Raccontare per immagini cinematografiche l’Italia nella sua attuale fisionomia è stato un desiderio e un’esigenza. Ho coltivato a lungo l’idea di questo film, documentandomi e raccogliendo materiali a livello interdisciplinare per anni. L’origine segreta di “Amate Sponde” va probabilmente rintracciata in alcune parole di Federico Fellini, da me condivise nella breve premessa alla pubblicazione della sceneggiatura de “La voce della Luna”, nel 1990: “Ogni volta mi rendo conto che il cinema italiano, me compreso ovviamente, dell’Italia non ha raccontato niente.
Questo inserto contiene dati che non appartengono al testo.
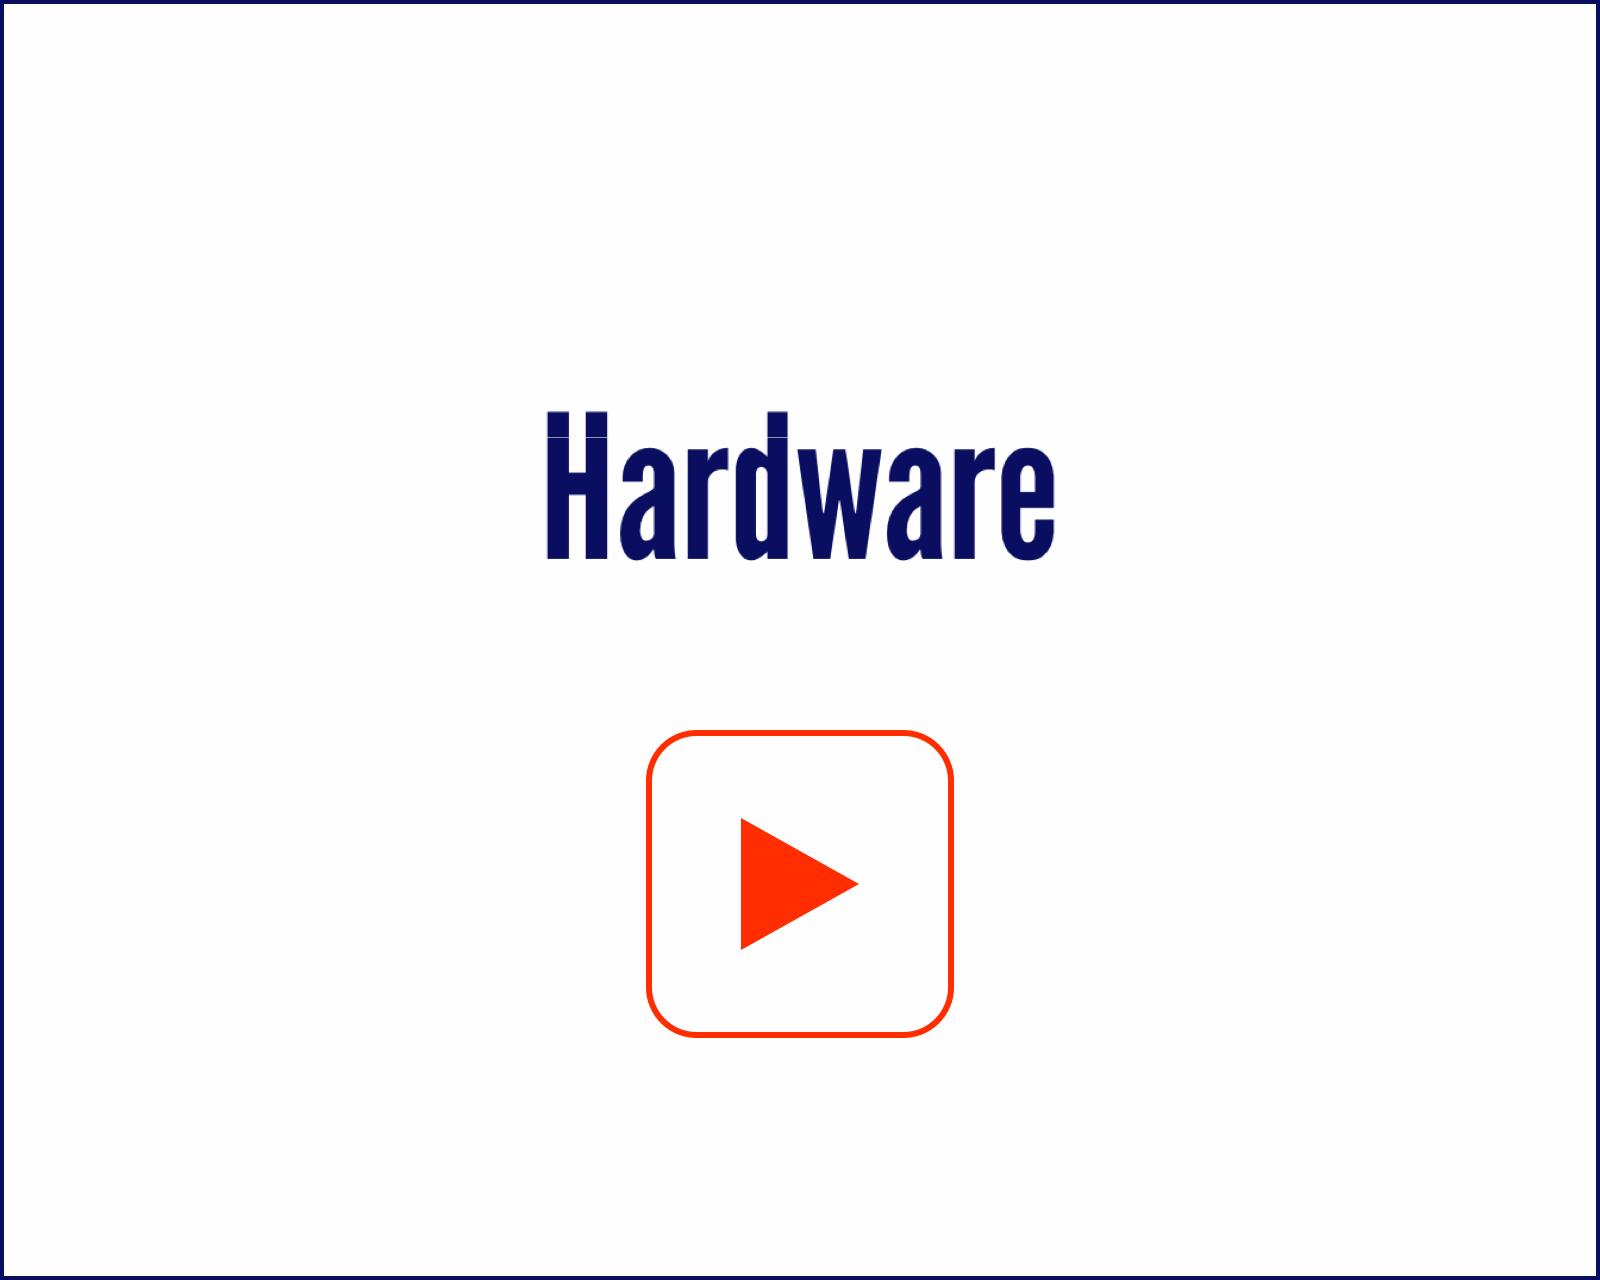 Hardware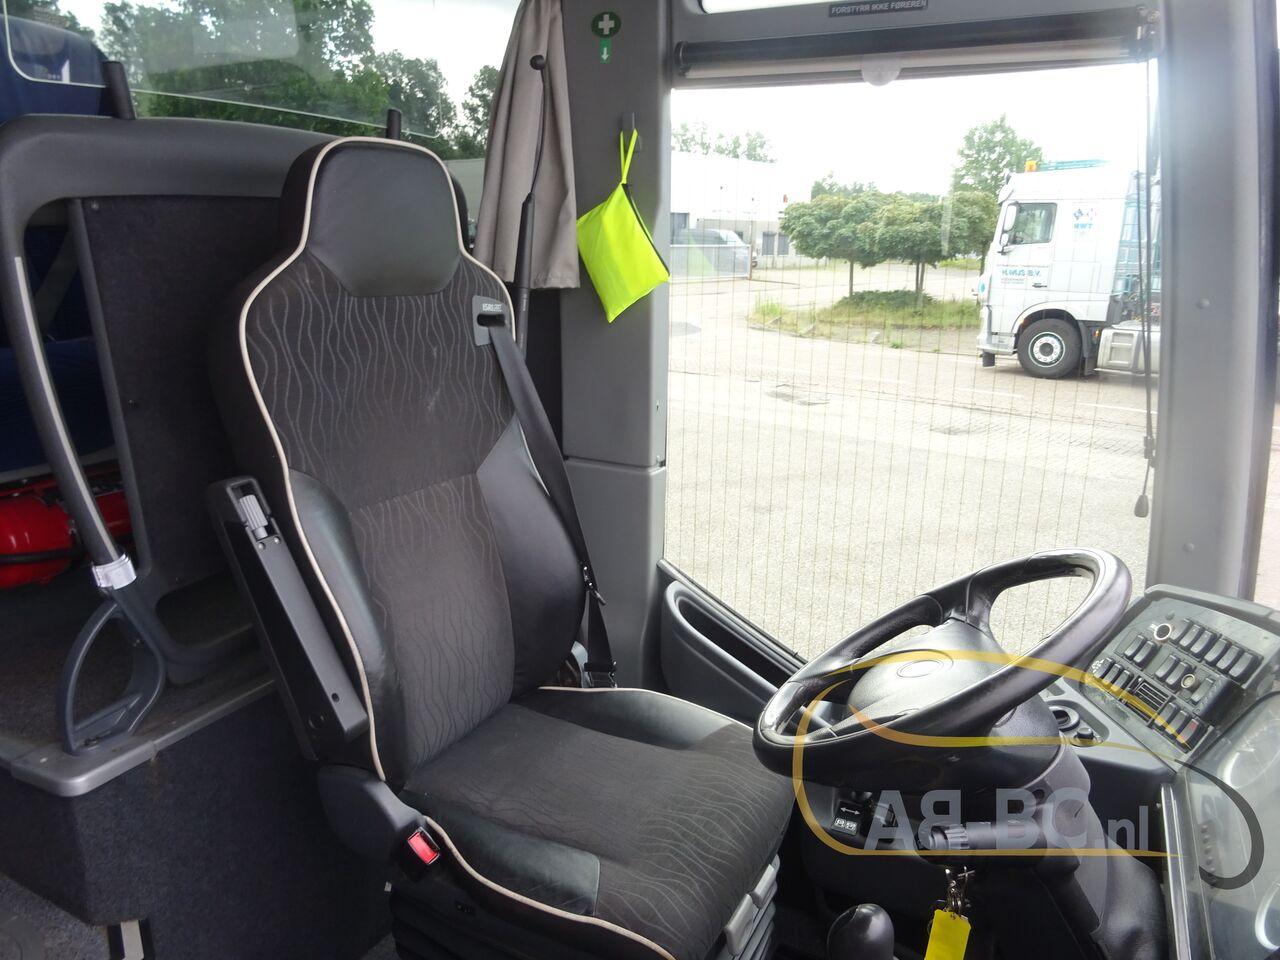 coach-busSETRA-S415-GT-HD-FINAL-EDITION---1627457155940232739_big_38940f2562376a754ef1e60afe3c4434--21050713010665719300

Sappiamo tante cose sull’America attraverso i suoi film. Dell’Italia, niente”. Con questa consapevolezza mi sono messo alla prova, cercando di comprendere prima e di restituire poi, attraverso il linguaggio cinematografico, un’Italia dal paesaggio complessivo unico, ma che spesso si stenta a riconoscere nelle sue varie dinamiche. Un’Italia, in continua trasformazione, nonostante tutto, divisa dalle contraddizioni tra nuovi fermenti e invincibili arretratezze, tra spinte innovative e conservatorismi. Il film, in questo senso, si può leggere come una sorta di atlante domestico o, più semplicemente, come un alfabeto per immagini.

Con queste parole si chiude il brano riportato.